Work order
Your task is to write out every line of the data exactly. Drop the pictures.

Stored data

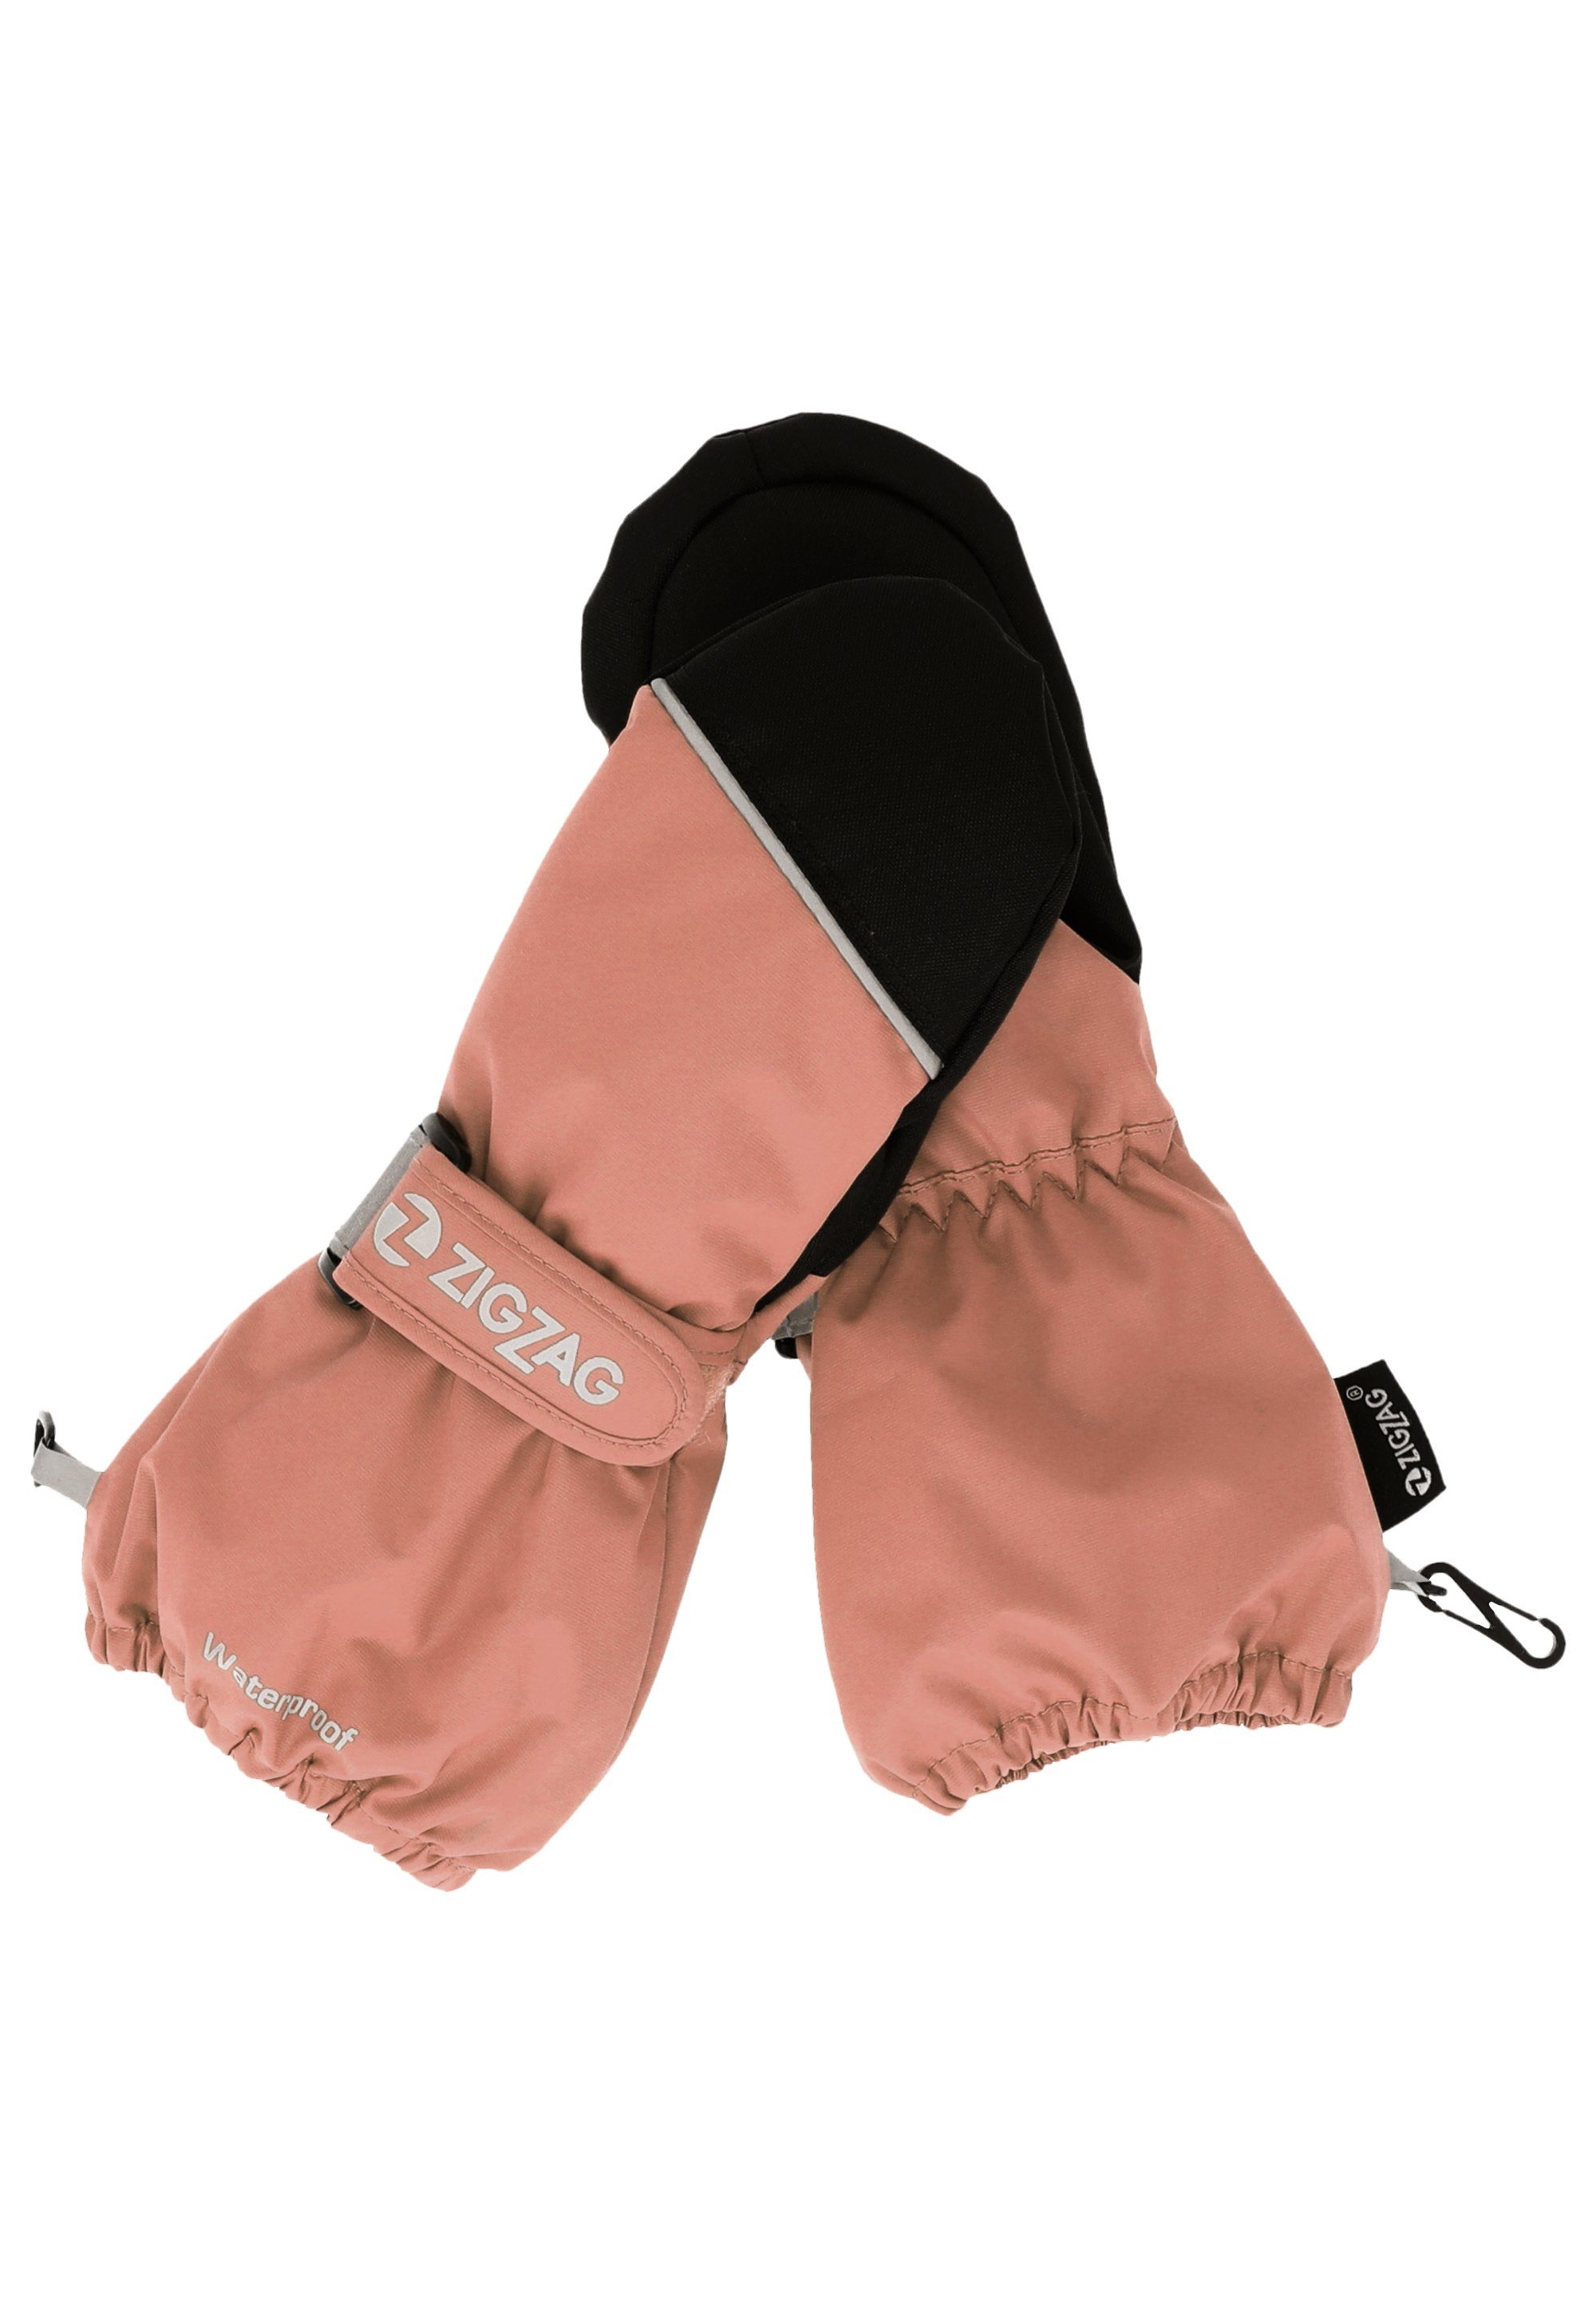 rosa Wintersport-Ausstattung mit Kempston komfortabler Skihandschuhe ZIGZAG
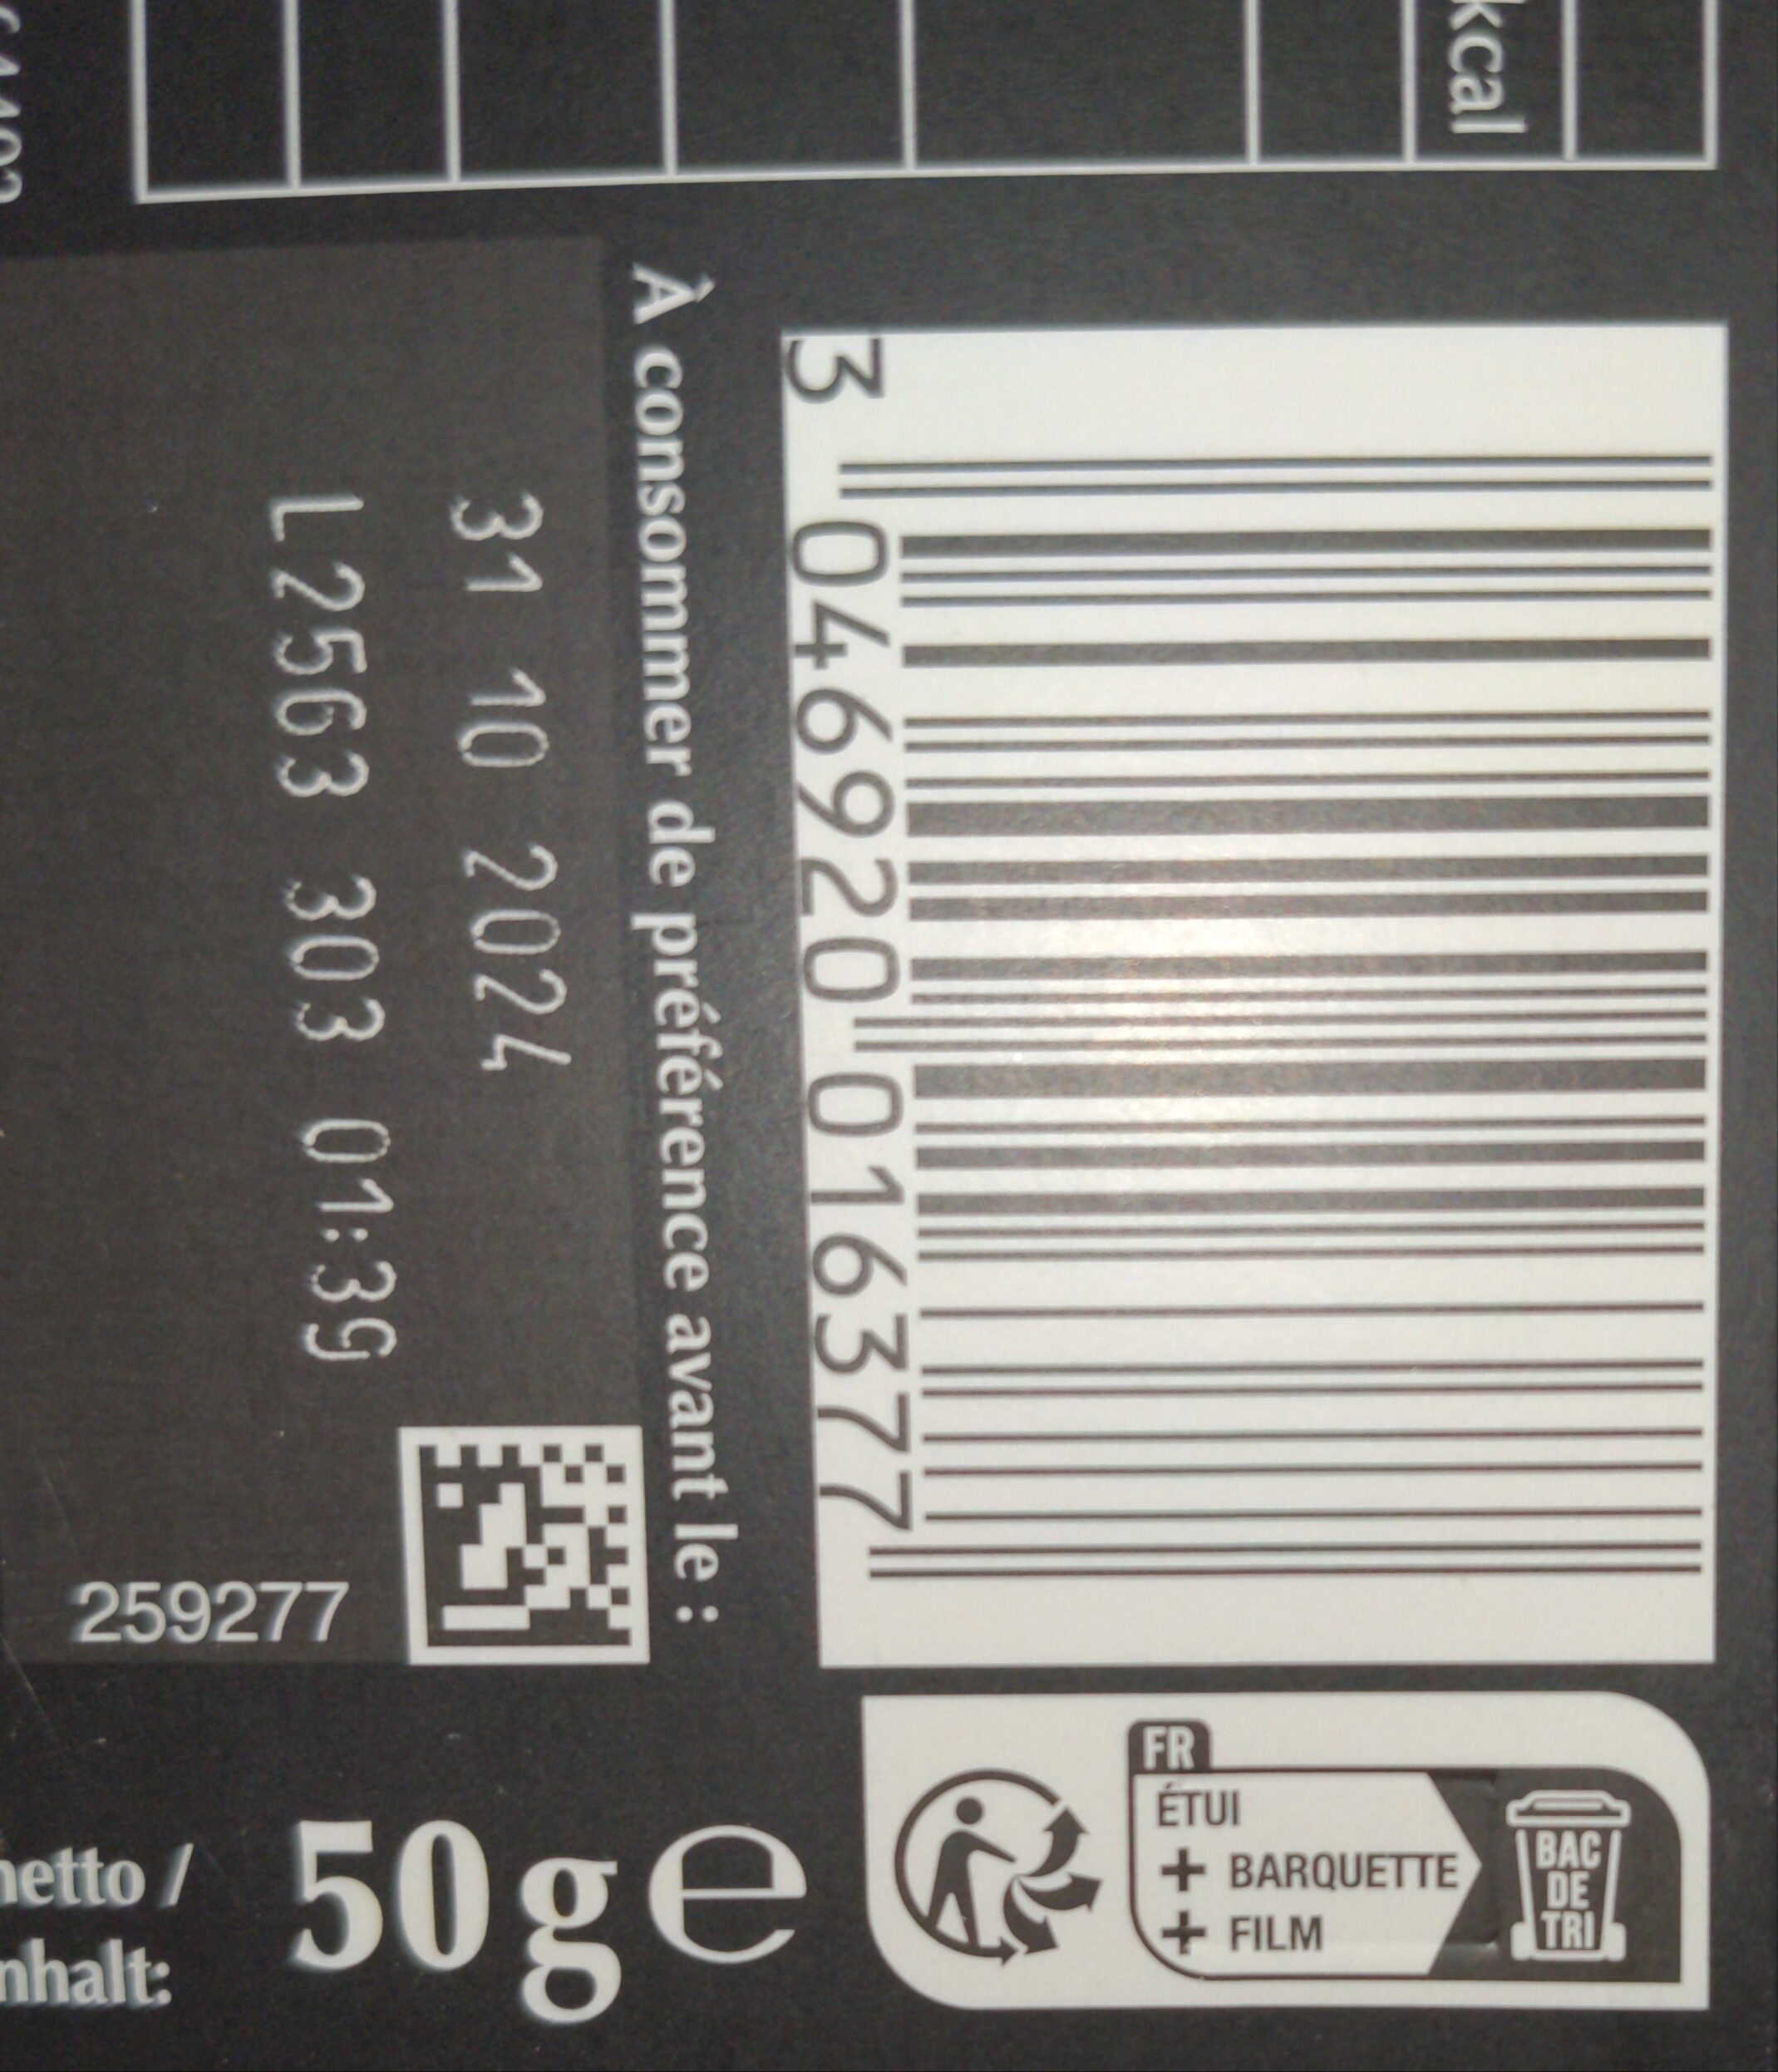 Excellence 100% cacao noir infini - Instruccions de reciclatge i/o informació d’embalatge - fr
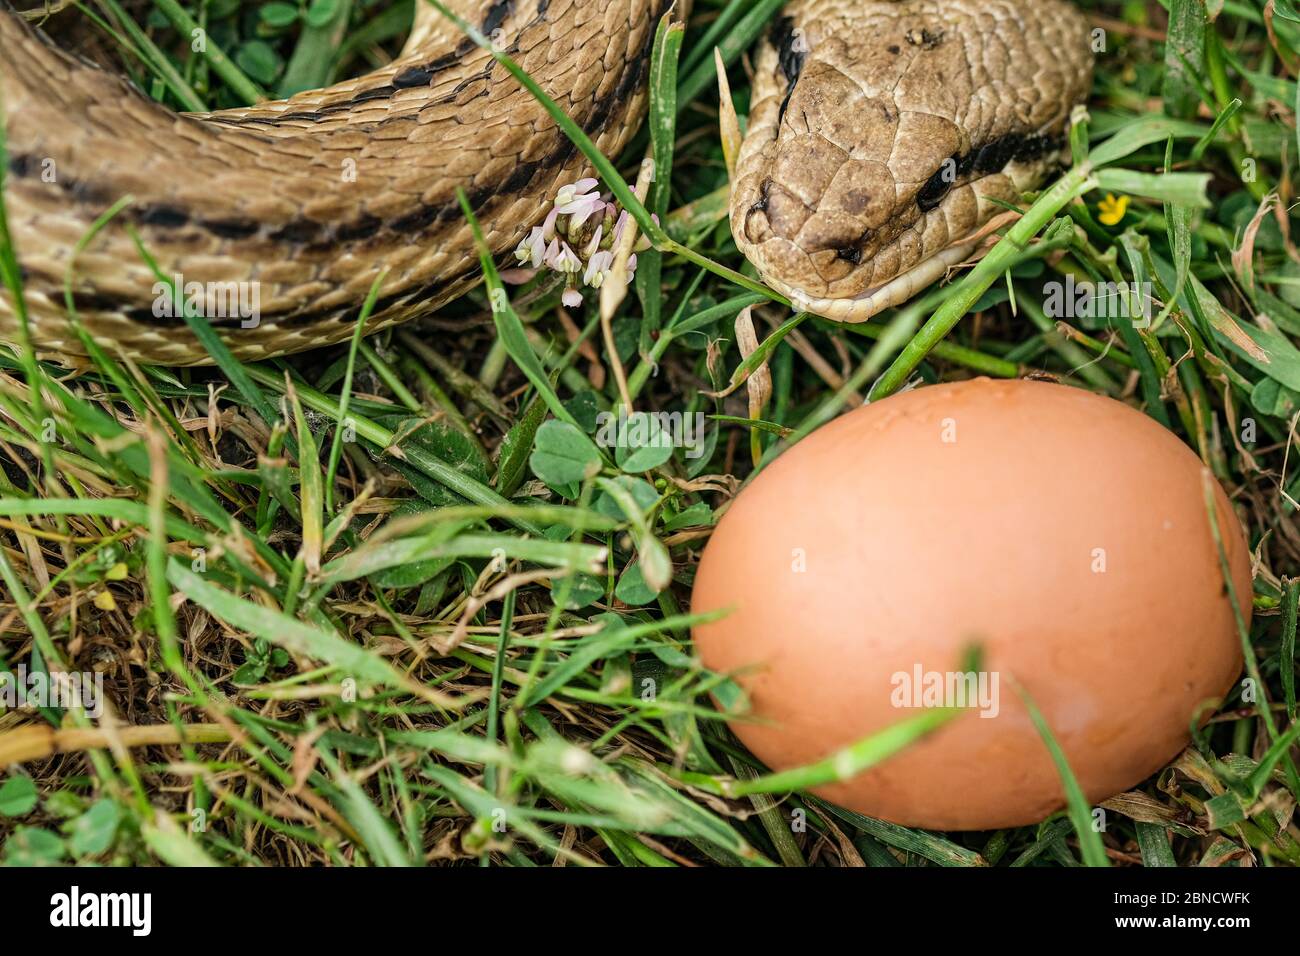 Snake egg eater species,predator reptile eye,skin details,cervone serpent Stock Photo

Problem solution
 rosa Wintersport-Ausstattung mit Kempston komfortabler Skihandschuhe ZIGZAG
 Excellence 100% cacao noir infini - Instruccions de reciclatge i/o informació d’embalatge - fr
 Snake egg eater species,predator reptile eye,skin details,cervone serpent Stock Photo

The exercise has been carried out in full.